=== Begin Enclosure ===

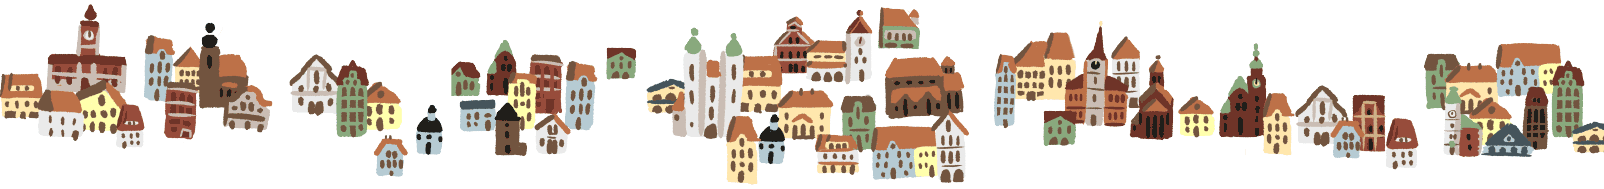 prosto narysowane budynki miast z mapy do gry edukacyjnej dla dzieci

=== End Enclosure ===
=== Begin Enclosure ===

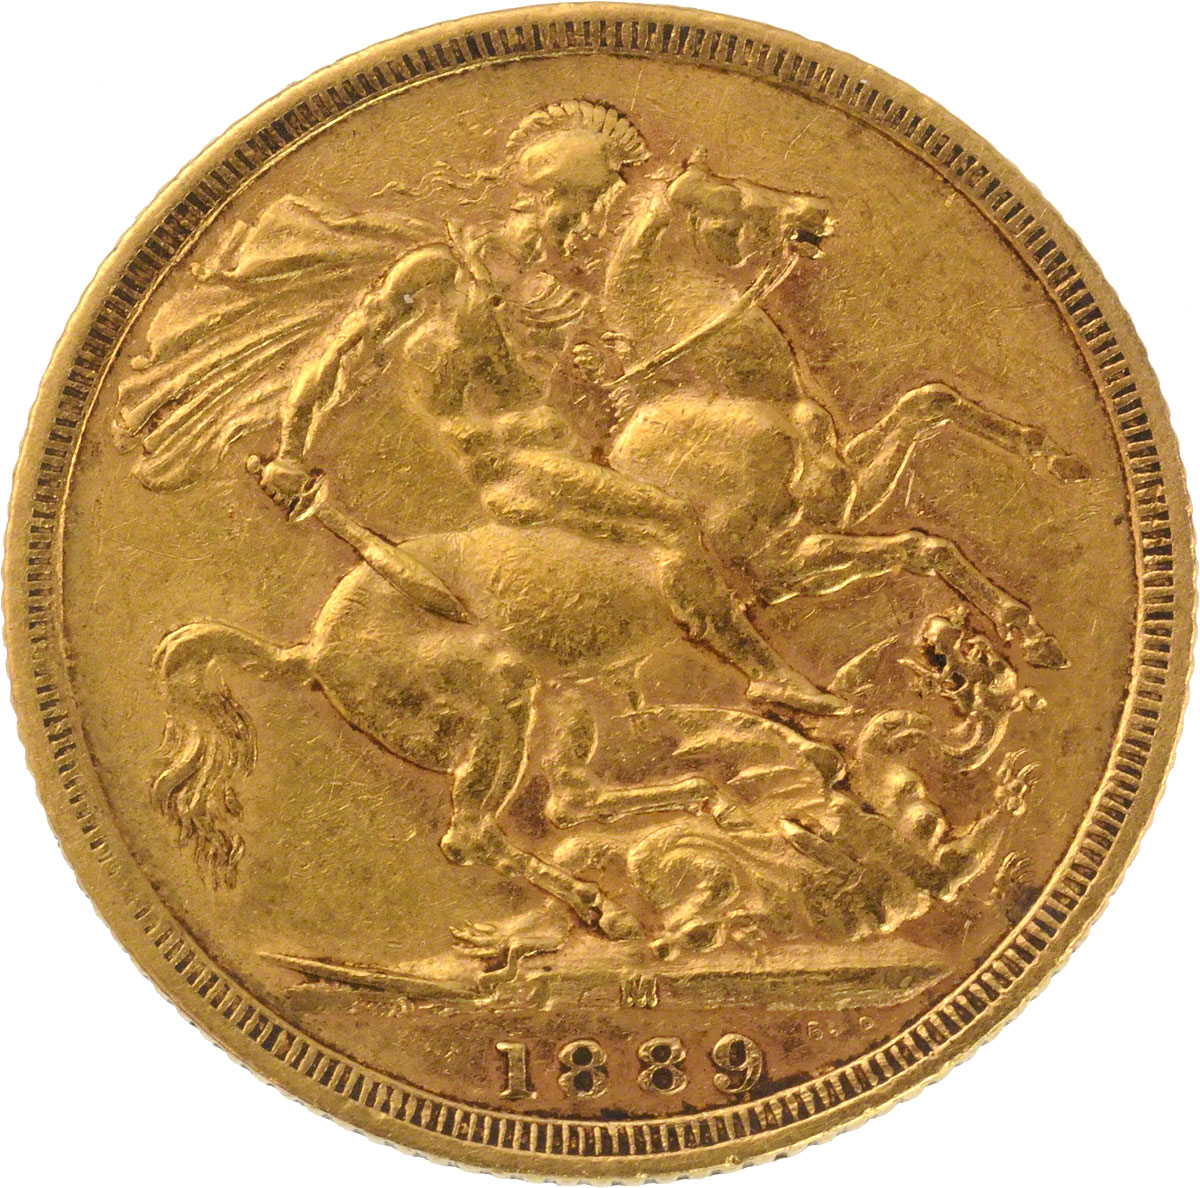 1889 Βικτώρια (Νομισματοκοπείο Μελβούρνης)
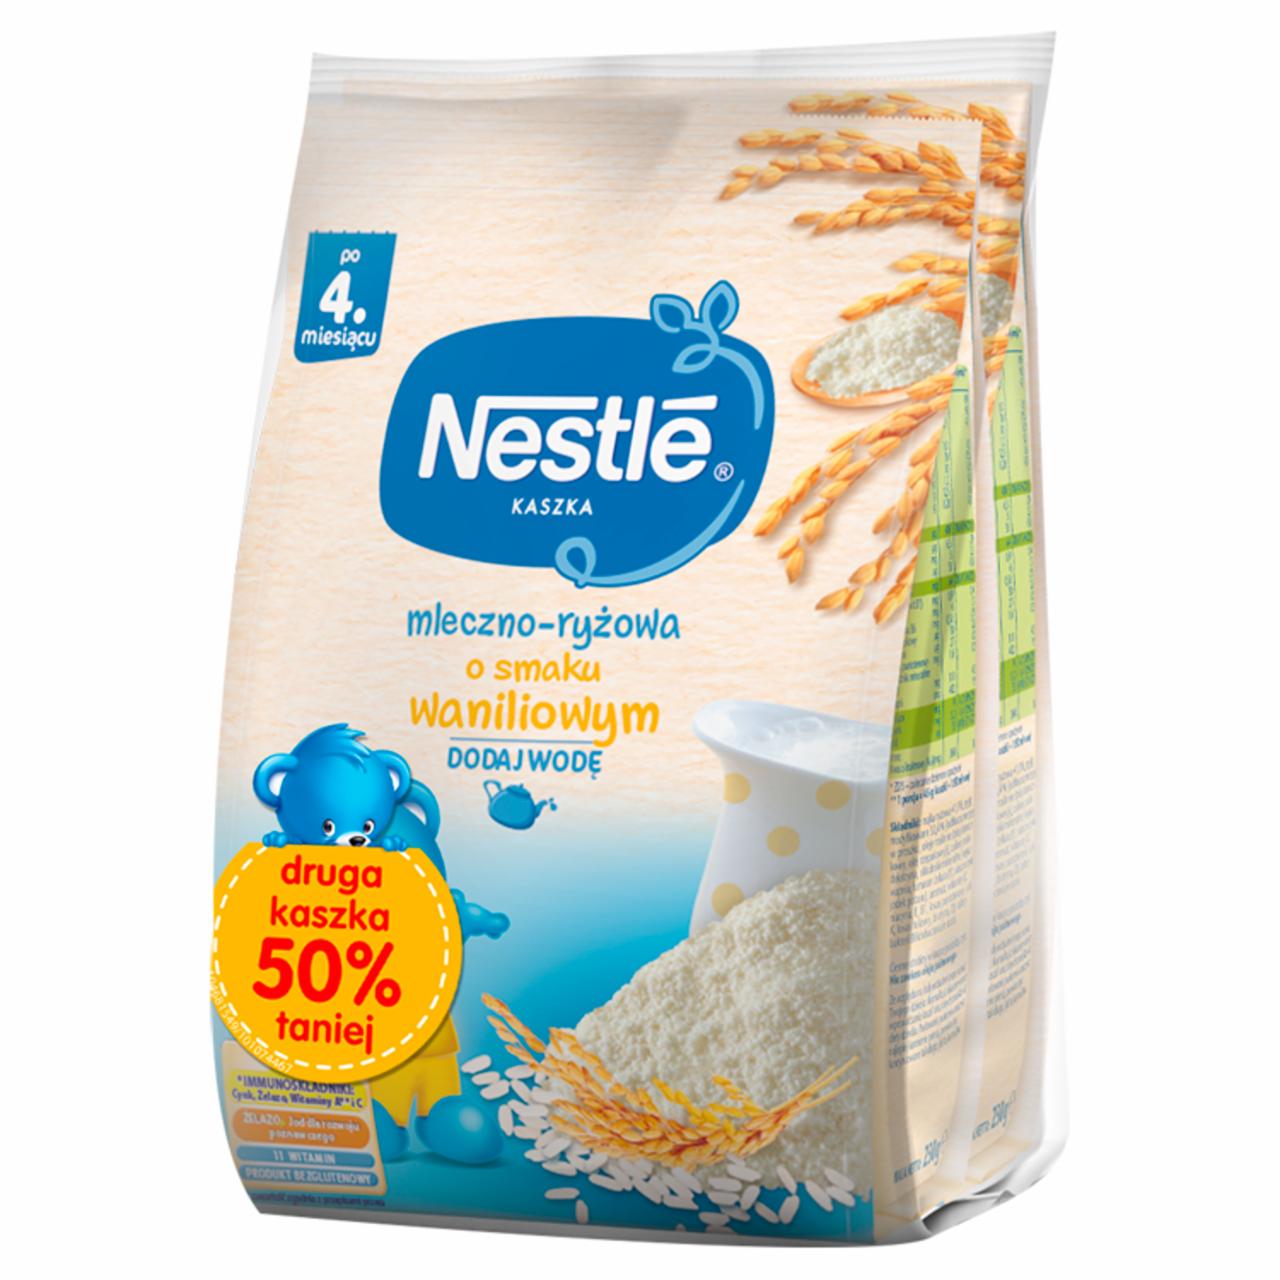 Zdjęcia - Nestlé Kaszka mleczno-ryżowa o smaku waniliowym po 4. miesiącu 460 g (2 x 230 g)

=== End Enclosure ===
=== Begin Enclosure ===

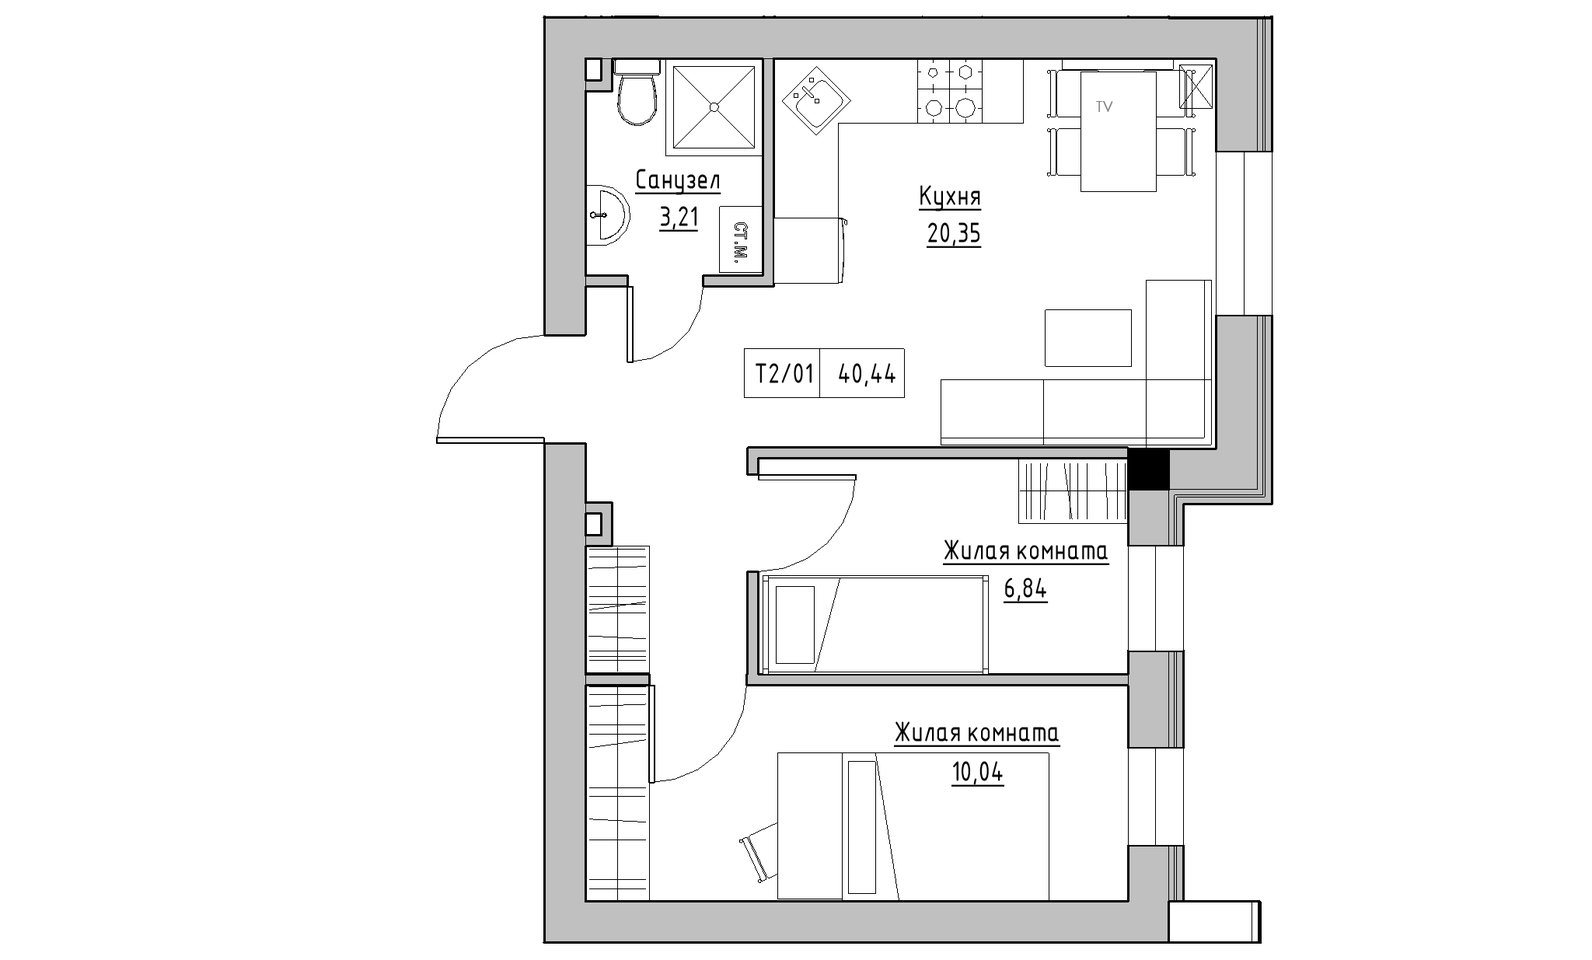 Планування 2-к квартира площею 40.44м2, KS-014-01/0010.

=== End Enclosure ===

_Problem to work on_
Starting with the line that contains "1889 Βικτώρια (Νομισματοκοπείο Μελβούρνης)" and finishing with the line that contains "Zdjęcia - Nestlé", reproduce every line of the material above exactly, but not the pictures.

_Result of this exercise_
 1889 Βικτώρια (Νομισματοκοπείο Μελβούρνης)
 Zdjęcia - Nestlé Kaszka mleczno-ryżowa o smaku waniliowym po 4. miesiącu 460 g (2 x 230 g)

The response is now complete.